### WHAT TO PRODUCE
Repeat the records below exactly as they appear.

### PROVIDED MATERIAL
^^^^

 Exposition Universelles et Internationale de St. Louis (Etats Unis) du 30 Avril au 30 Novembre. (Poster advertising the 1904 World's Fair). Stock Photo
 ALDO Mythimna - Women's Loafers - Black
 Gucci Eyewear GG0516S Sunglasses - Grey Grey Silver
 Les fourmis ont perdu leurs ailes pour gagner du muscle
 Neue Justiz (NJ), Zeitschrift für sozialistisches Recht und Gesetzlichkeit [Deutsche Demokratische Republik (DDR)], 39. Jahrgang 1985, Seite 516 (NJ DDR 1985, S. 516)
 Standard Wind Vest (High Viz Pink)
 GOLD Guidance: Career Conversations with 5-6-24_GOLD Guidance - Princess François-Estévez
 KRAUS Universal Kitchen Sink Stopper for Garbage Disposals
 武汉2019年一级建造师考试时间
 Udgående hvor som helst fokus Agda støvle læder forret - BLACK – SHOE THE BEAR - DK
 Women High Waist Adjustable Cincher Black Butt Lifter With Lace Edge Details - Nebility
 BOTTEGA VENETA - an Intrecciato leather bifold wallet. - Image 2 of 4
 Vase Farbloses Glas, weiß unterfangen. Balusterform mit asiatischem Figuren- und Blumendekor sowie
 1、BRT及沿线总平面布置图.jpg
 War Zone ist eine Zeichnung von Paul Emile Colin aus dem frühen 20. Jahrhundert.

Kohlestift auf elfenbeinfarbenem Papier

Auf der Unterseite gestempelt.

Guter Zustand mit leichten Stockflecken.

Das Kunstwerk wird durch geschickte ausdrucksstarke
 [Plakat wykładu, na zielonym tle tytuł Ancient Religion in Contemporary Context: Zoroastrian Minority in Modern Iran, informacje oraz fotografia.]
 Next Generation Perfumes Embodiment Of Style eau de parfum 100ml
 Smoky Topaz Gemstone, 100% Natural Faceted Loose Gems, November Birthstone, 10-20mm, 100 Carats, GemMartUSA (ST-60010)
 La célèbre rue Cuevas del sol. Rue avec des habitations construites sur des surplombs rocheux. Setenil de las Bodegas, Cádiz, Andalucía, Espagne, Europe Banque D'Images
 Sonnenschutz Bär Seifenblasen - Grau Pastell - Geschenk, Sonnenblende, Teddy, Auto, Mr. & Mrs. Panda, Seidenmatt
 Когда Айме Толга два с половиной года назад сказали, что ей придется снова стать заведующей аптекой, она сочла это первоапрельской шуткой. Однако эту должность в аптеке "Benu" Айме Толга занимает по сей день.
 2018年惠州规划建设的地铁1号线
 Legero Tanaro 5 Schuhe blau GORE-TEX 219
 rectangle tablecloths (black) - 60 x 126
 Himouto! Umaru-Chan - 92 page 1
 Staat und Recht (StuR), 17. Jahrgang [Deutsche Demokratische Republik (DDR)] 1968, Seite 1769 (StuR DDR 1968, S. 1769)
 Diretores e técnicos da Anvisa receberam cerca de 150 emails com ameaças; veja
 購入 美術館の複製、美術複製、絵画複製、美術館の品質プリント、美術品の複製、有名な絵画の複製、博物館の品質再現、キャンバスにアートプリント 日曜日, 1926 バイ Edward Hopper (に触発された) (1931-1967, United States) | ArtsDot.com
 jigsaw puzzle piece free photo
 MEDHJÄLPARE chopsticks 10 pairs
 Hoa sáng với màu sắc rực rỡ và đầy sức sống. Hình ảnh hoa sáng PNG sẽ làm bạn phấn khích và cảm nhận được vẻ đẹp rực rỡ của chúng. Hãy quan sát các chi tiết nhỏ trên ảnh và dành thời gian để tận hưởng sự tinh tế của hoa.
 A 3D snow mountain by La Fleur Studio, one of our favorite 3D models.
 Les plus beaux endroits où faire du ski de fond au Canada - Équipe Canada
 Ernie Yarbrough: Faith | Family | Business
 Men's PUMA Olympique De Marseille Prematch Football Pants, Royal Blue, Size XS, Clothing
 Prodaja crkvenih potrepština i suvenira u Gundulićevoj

^^^^

### ANSWER TO THE PROBLEM
 Exposition Universelles et Internationale de St. Louis (Etats Unis) du 30 Avril au 30 Novembre. (Poster advertising the 1904 World's Fair). Stock Photo
 ALDO Mythimna - Women's Loafers - Black
 Gucci Eyewear GG0516S Sunglasses - Grey Grey Silver
 Les fourmis ont perdu leurs ailes pour gagner du muscle
 Neue Justiz (NJ), Zeitschrift für sozialistisches Recht und Gesetzlichkeit [Deutsche Demokratische Republik (DDR)], 39. Jahrgang 1985, Seite 516 (NJ DDR 1985, S. 516)
 Standard Wind Vest (High Viz Pink)
 GOLD Guidance: Career Conversations with 5-6-24_GOLD Guidance - Princess François-Estévez
 KRAUS Universal Kitchen Sink Stopper for Garbage Disposals
 武汉2019年一级建造师考试时间
 Udgående hvor som helst fokus Agda støvle læder forret - BLACK – SHOE THE BEAR - DK
 Women High Waist Adjustable Cincher Black Butt Lifter With Lace Edge Details - Nebility
 BOTTEGA VENETA - an Intrecciato leather bifold wallet. - Image 2 of 4
 Vase Farbloses Glas, weiß unterfangen. Balusterform mit asiatischem Figuren- und Blumendekor sowie
 1、BRT及沿线总平面布置图.jpg
 War Zone ist eine Zeichnung von Paul Emile Colin aus dem frühen 20. Jahrhundert.

Kohlestift auf elfenbeinfarbenem Papier

Auf der Unterseite gestempelt.

Guter Zustand mit leichten Stockflecken.

Das Kunstwerk wird durch geschickte ausdrucksstarke
 [Plakat wykładu, na zielonym tle tytuł Ancient Religion in Contemporary Context: Zoroastrian Minority in Modern Iran, informacje oraz fotografia.]
 Next Generation Perfumes Embodiment Of Style eau de parfum 100ml
 Smoky Topaz Gemstone, 100% Natural Faceted Loose Gems, November Birthstone, 10-20mm, 100 Carats, GemMartUSA (ST-60010)
 La célèbre rue Cuevas del sol. Rue avec des habitations construites sur des surplombs rocheux. Setenil de las Bodegas, Cádiz, Andalucía, Espagne, Europe Banque D'Images
 Sonnenschutz Bär Seifenblasen - Grau Pastell - Geschenk, Sonnenblende, Teddy, Auto, Mr. & Mrs. Panda, Seidenmatt
 Когда Айме Толга два с половиной года назад сказали, что ей придется снова стать заведующей аптекой, она сочла это первоапрельской шуткой. Однако эту должность в аптеке "Benu" Айме Толга занимает по сей день.
 2018年惠州规划建设的地铁1号线
 Legero Tanaro 5 Schuhe blau GORE-TEX 219
 rectangle tablecloths (black) - 60 x 126
 Himouto! Umaru-Chan - 92 page 1
 Staat und Recht (StuR), 17. Jahrgang [Deutsche Demokratische Republik (DDR)] 1968, Seite 1769 (StuR DDR 1968, S. 1769)
 Diretores e técnicos da Anvisa receberam cerca de 150 emails com ameaças; veja
 購入 美術館の複製、美術複製、絵画複製、美術館の品質プリント、美術品の複製、有名な絵画の複製、博物館の品質再現、キャンバスにアートプリント 日曜日, 1926 バイ Edward Hopper (に触発された) (1931-1967, United States) | ArtsDot.com
 jigsaw puzzle piece free photo
 MEDHJÄLPARE chopsticks 10 pairs
 Hoa sáng với màu sắc rực rỡ và đầy sức sống. Hình ảnh hoa sáng PNG sẽ làm bạn phấn khích và cảm nhận được vẻ đẹp rực rỡ của chúng. Hãy quan sát các chi tiết nhỏ trên ảnh và dành thời gian để tận hưởng sự tinh tế của hoa.
 A 3D snow mountain by La Fleur Studio, one of our favorite 3D models.
 Les plus beaux endroits où faire du ski de fond au Canada - Équipe Canada
 Ernie Yarbrough: Faith | Family | Business
 Men's PUMA Olympique De Marseille Prematch Football Pants, Royal Blue, Size XS, Clothing
 Prodaja crkvenih potrepština i suvenira u Gundulićevoj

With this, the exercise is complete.